= Double hull =

Ship hull design and construction method

Single hull, Double bottom, and Double hull ship cross sections. Green lines are watertight; black lines are not watertight

A double hull is a ship hull design and construction method where the bottom and sides of the ship have two complete layers of watertight hull surface: one outer layer forming the normal hull of the ship, and a second inner hull which is some distance inboard, typically by a few feet, which forms a redundant barrier to seawater in case the outer hull is damaged and leaks.

The space between the two hulls is sometimes used for storage of ballast water.

Double hulls are a more extensive safety measure than double bottoms, which have two hull layers only in the bottom of the ship but not the sides. In low-energy collisions, double hulls can prevent flooding beyond the penetrated compartment. In high-energy collisions, however, the distance to the inner hull is not sufficient and the inner compartment is penetrated as well.
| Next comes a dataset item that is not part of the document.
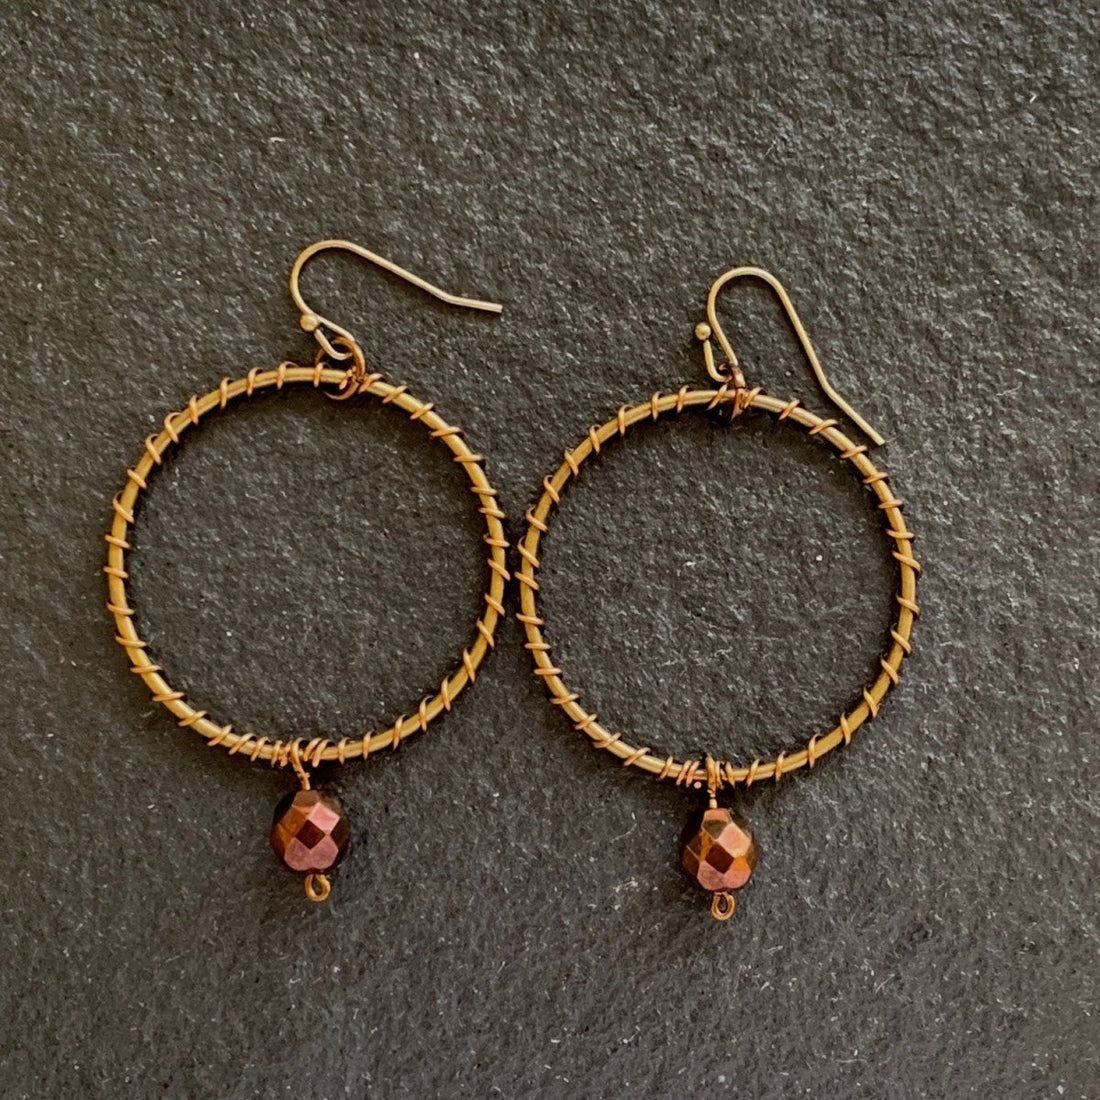 Earrings made of Bronze wire wrapped hoops with crystal drop

Double hulls or double bottoms have been required in all passenger ships for decades as part of the Safety Of Life At Sea or SOLAS Convention.
== Uses ==
Double hulls are significantly safer than double bottoms, which in turn are safer than single bottoms. In case of grounding or other underwater damage, most of the time the damage is limited to flooding the bottom compartment, and the main occupied areas of the ship remain intact.

In low-energy collisions to the sides of the vessel, double hulls also prevent flooding beyond the penetrated compartment. In high-energy collisions, however, the distance to the inner hull is not sufficient and the inner compartment is penetrated as well.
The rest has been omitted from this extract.